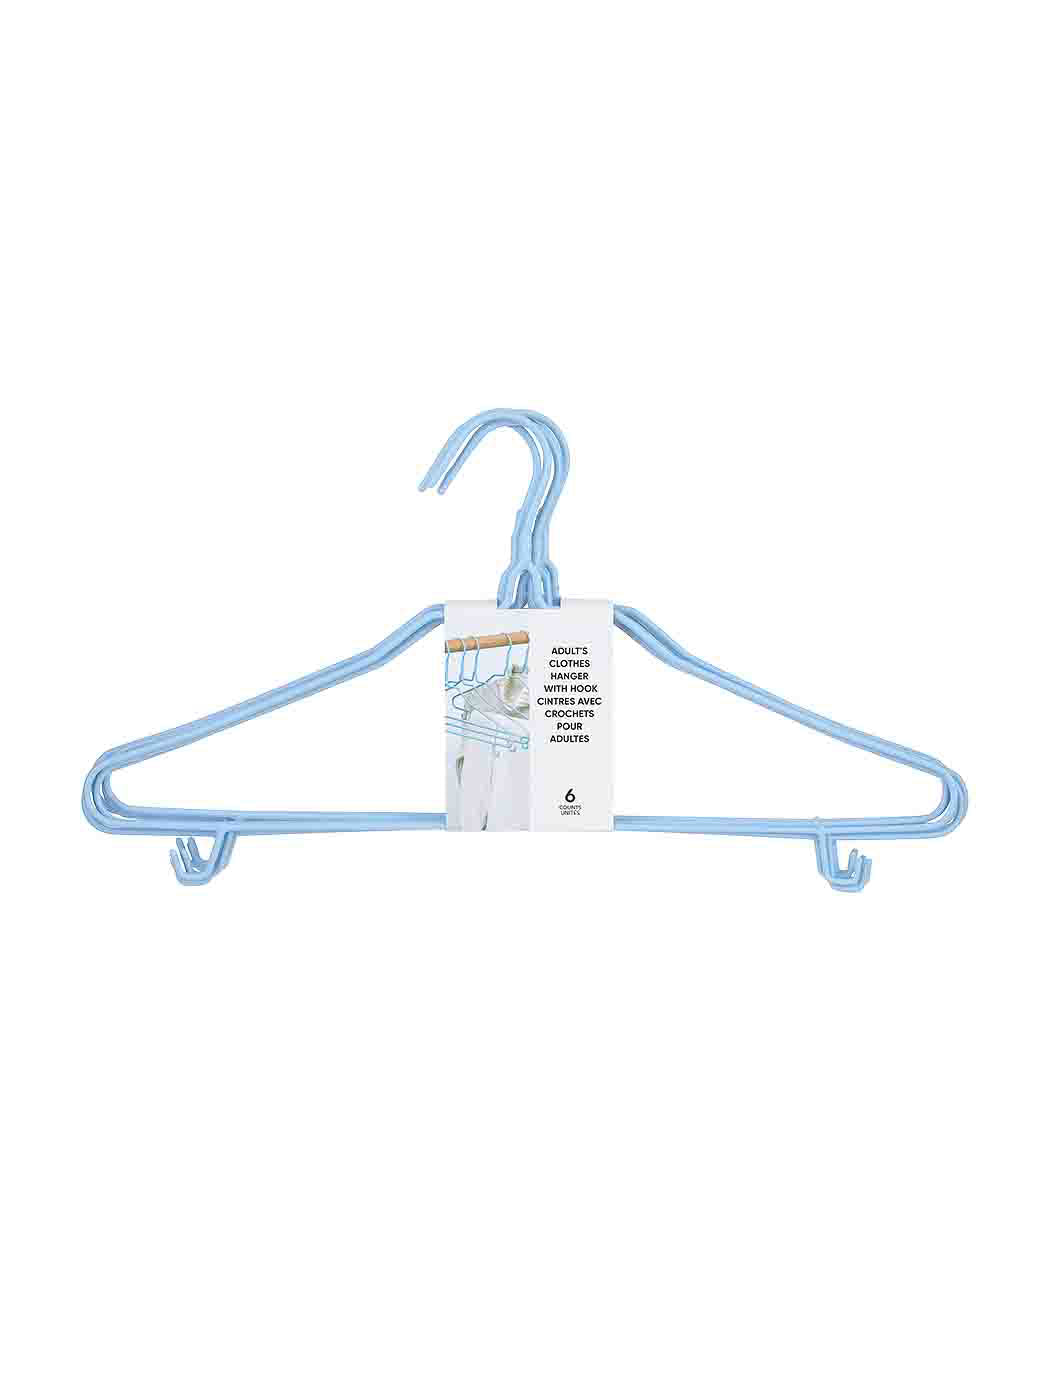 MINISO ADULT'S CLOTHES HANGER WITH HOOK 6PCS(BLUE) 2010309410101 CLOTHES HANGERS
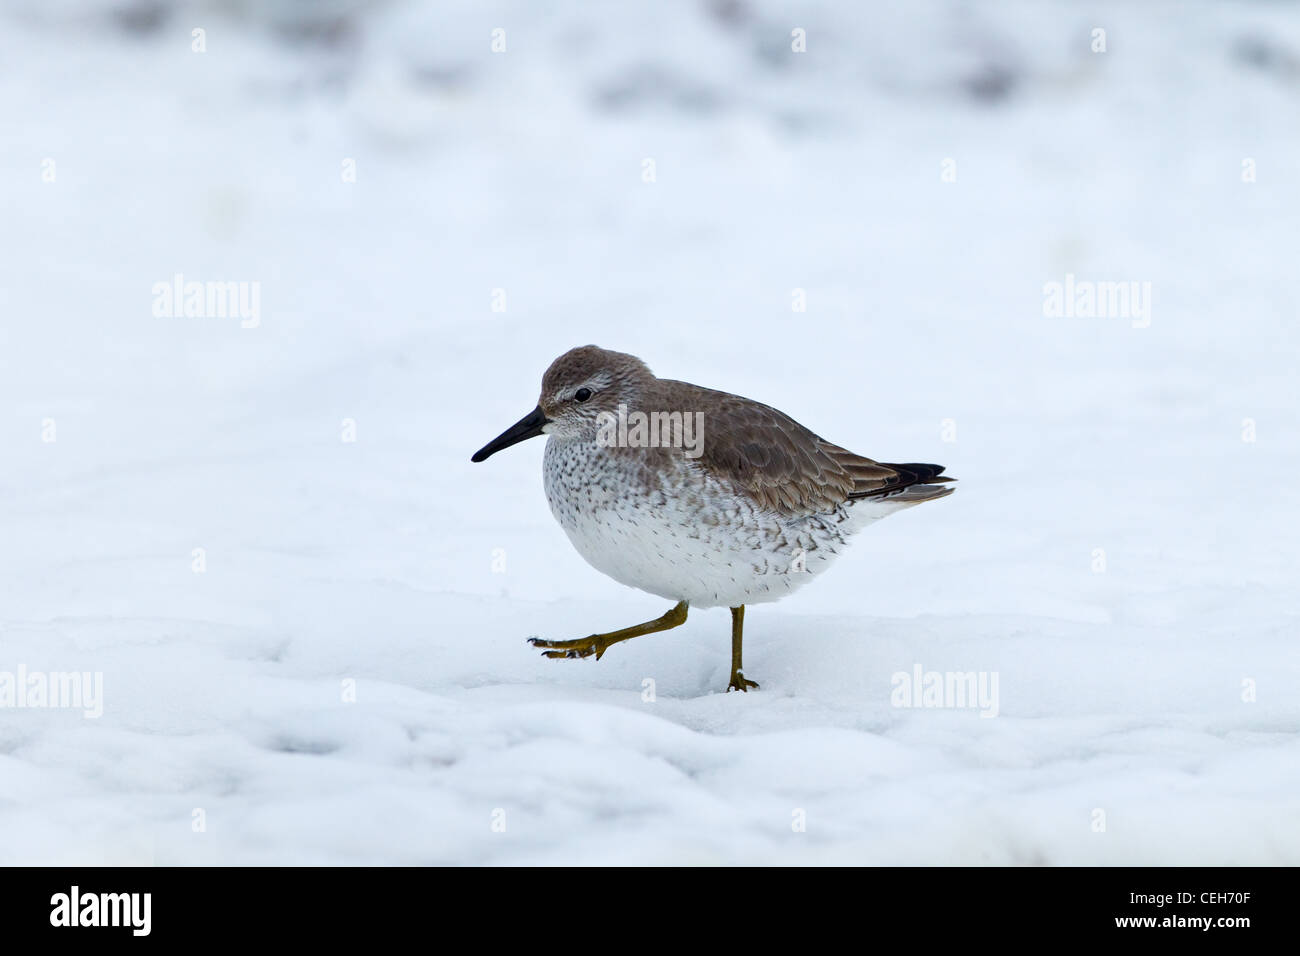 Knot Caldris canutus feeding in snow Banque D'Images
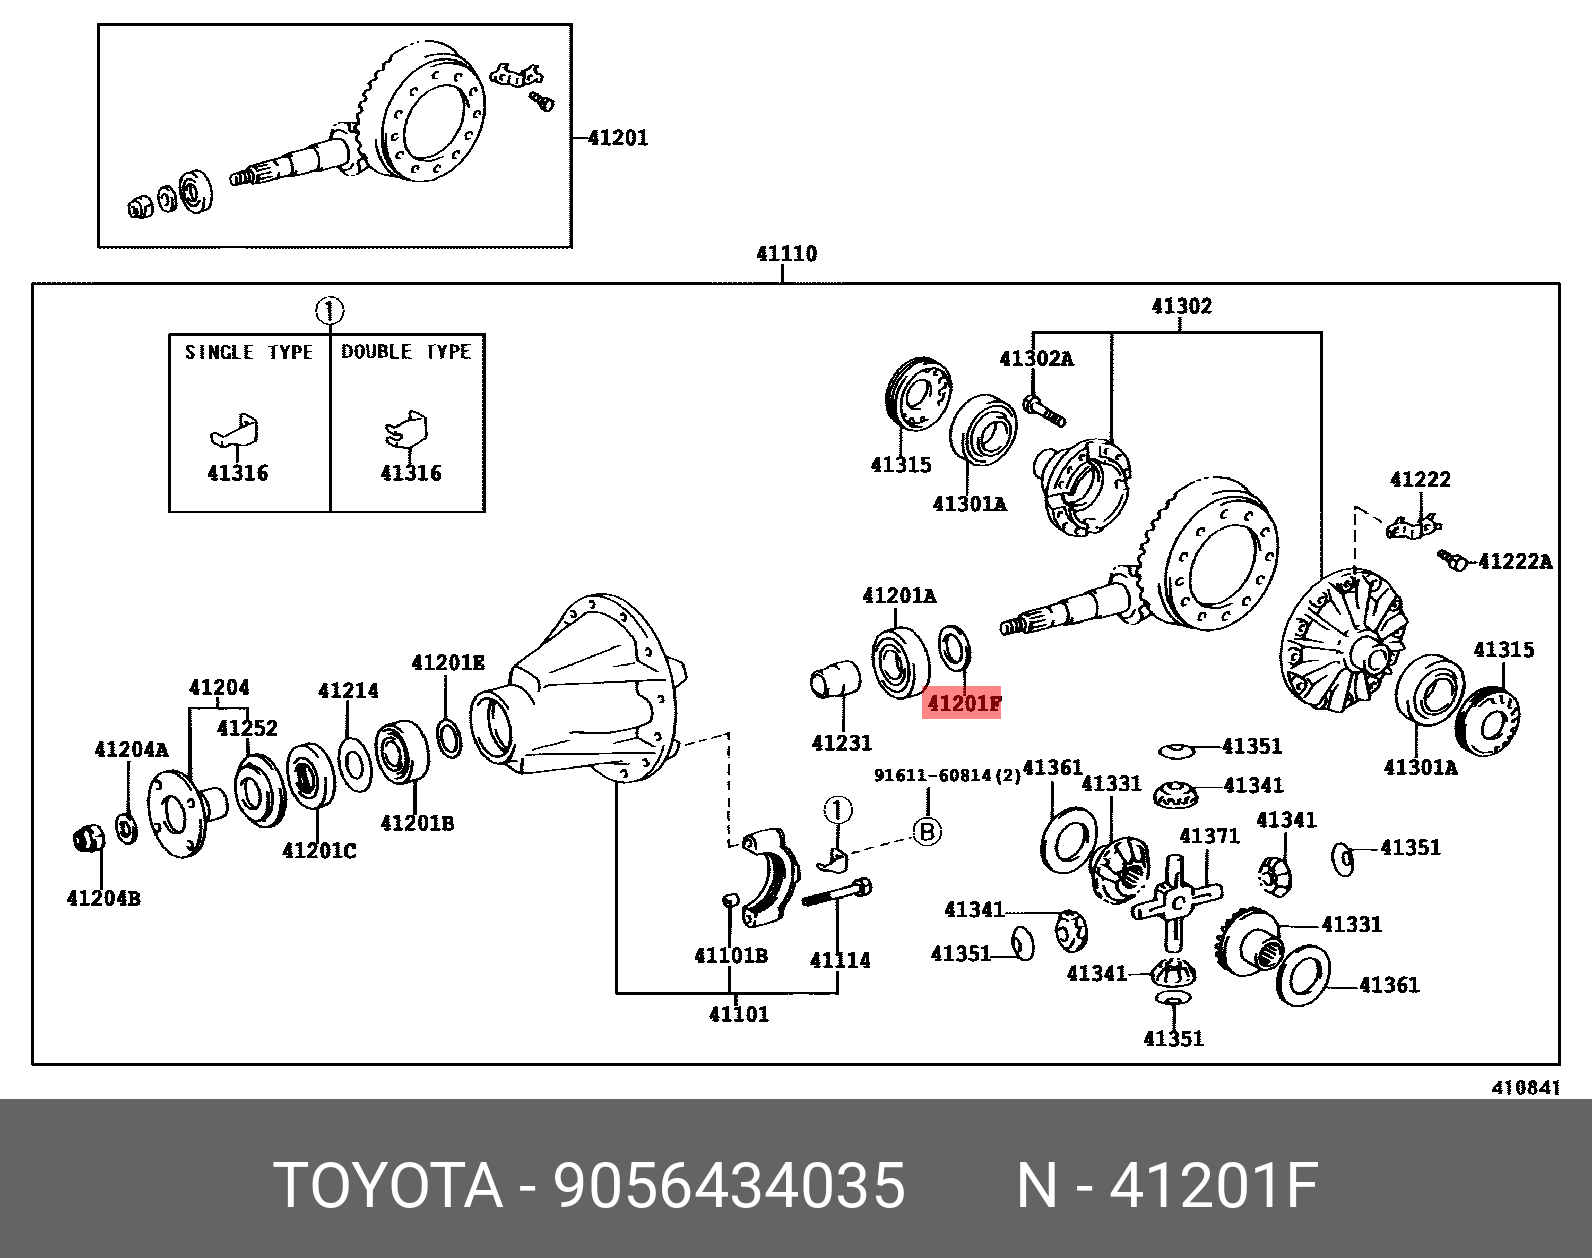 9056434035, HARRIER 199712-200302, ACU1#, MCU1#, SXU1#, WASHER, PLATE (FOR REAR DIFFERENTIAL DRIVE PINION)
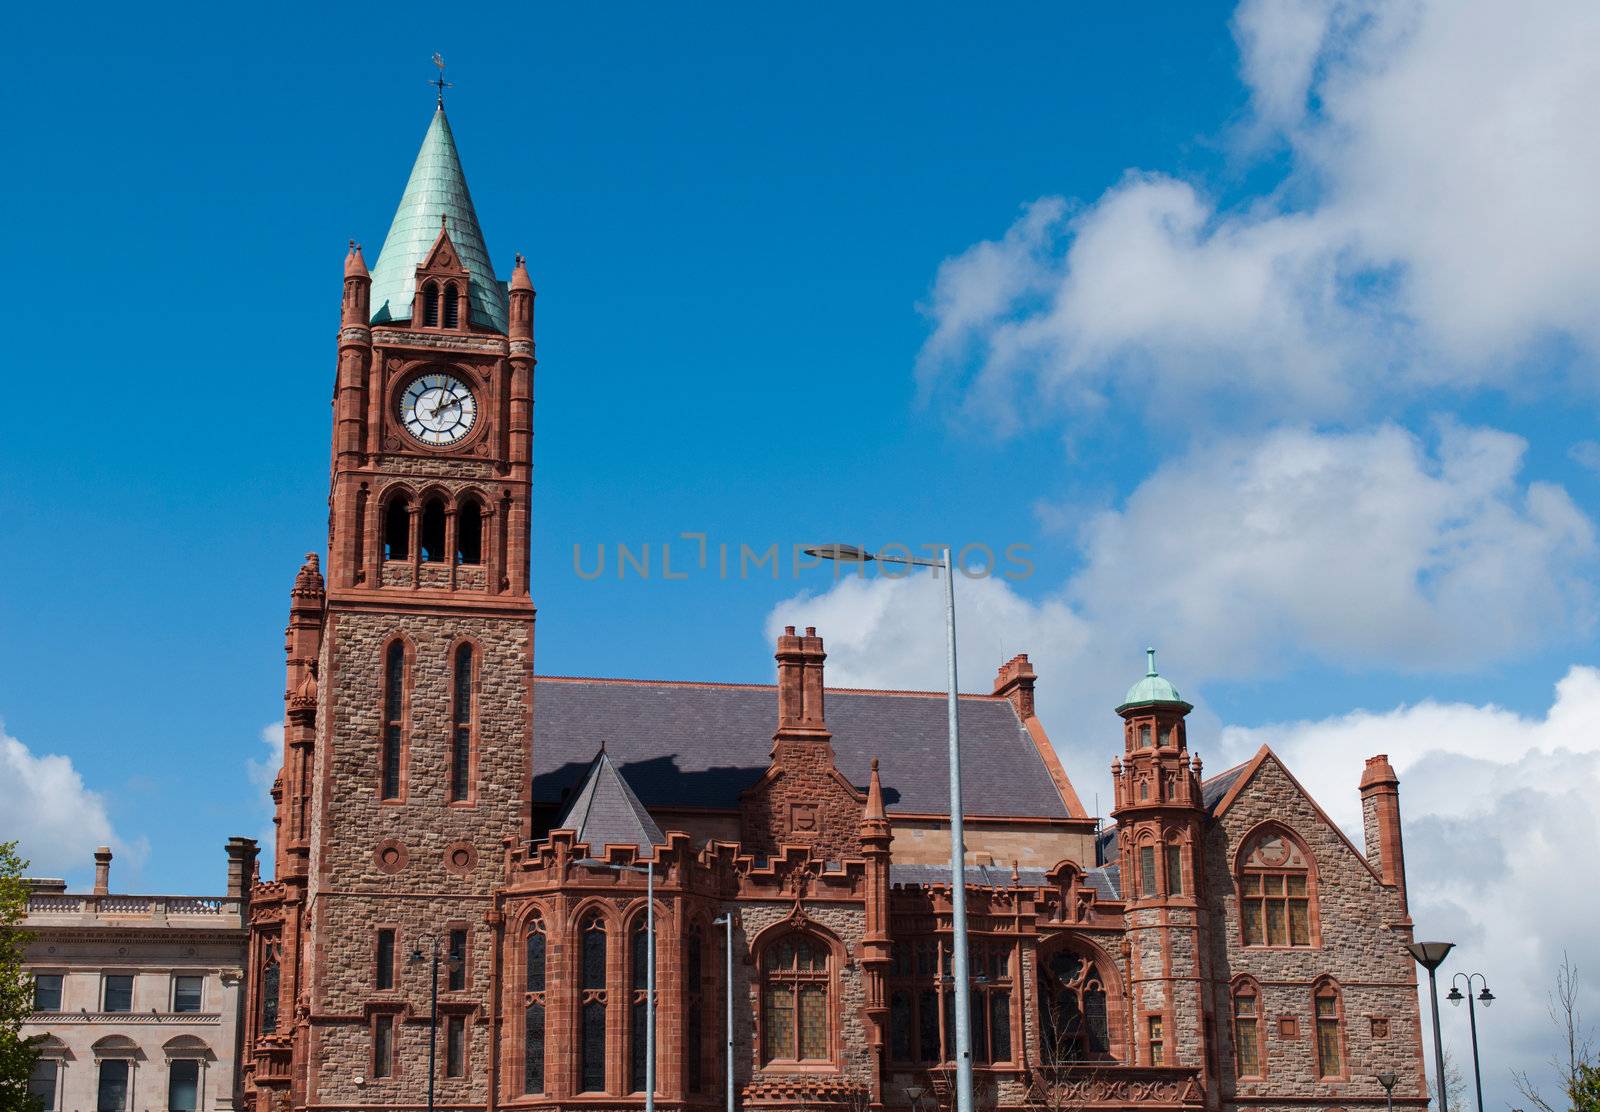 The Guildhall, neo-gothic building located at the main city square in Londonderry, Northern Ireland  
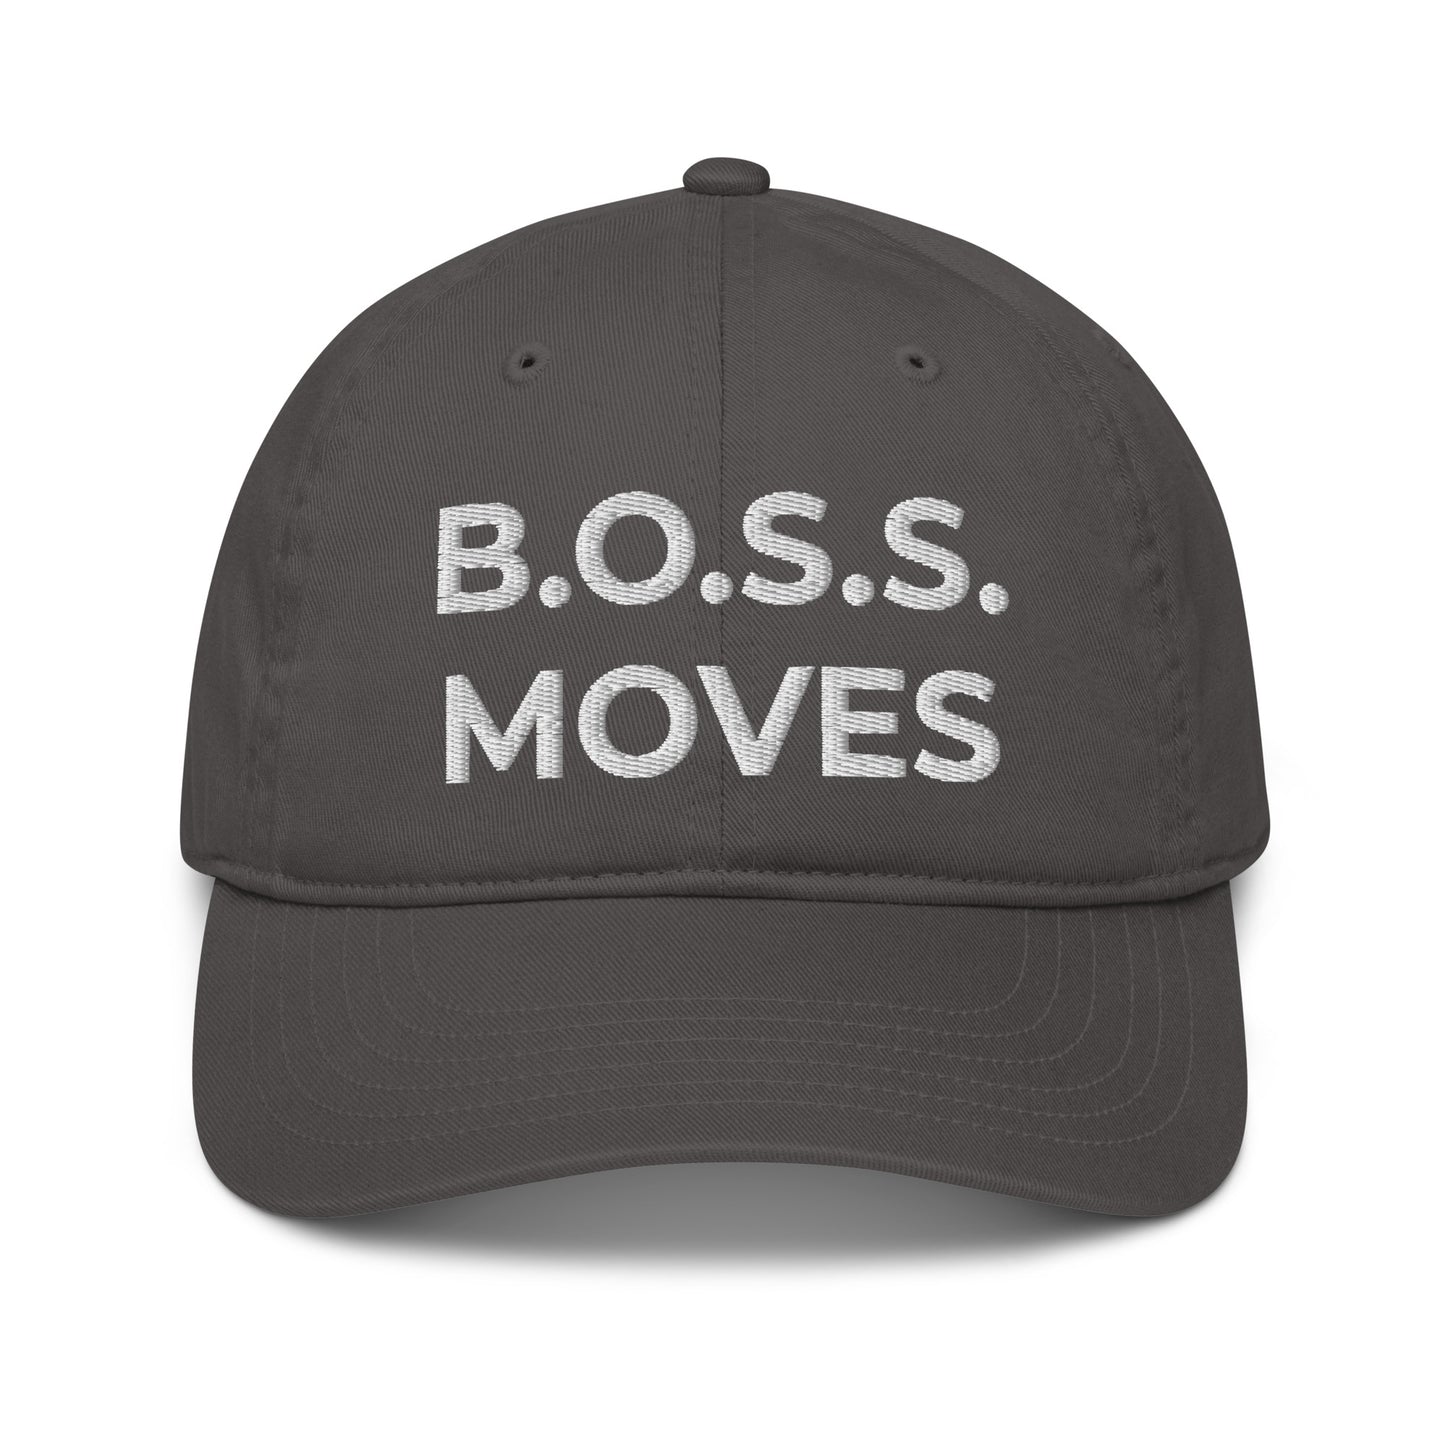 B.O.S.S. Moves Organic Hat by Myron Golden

::::::::::

**Task description:**
Give back every record exactly, dropping its pictures.

**Written answer:**
 MINISO ADULT'S CLOTHES HANGER WITH HOOK 6PCS(BLUE) 2010309410101 CLOTHES HANGERS
 Knot Caldris canutus feeding in snow Banque D'Images
 9056434035, HARRIER 199712-200302, ACU1#, MCU1#, SXU1#, WASHER, PLATE (FOR REAR DIFFERENTIAL DRIVE PINION)
 The Guildhall, neo-gothic building located at the main city square in Londonderry, Northern Ireland  
 B.O.S.S. Moves Organic Hat by Myron Golden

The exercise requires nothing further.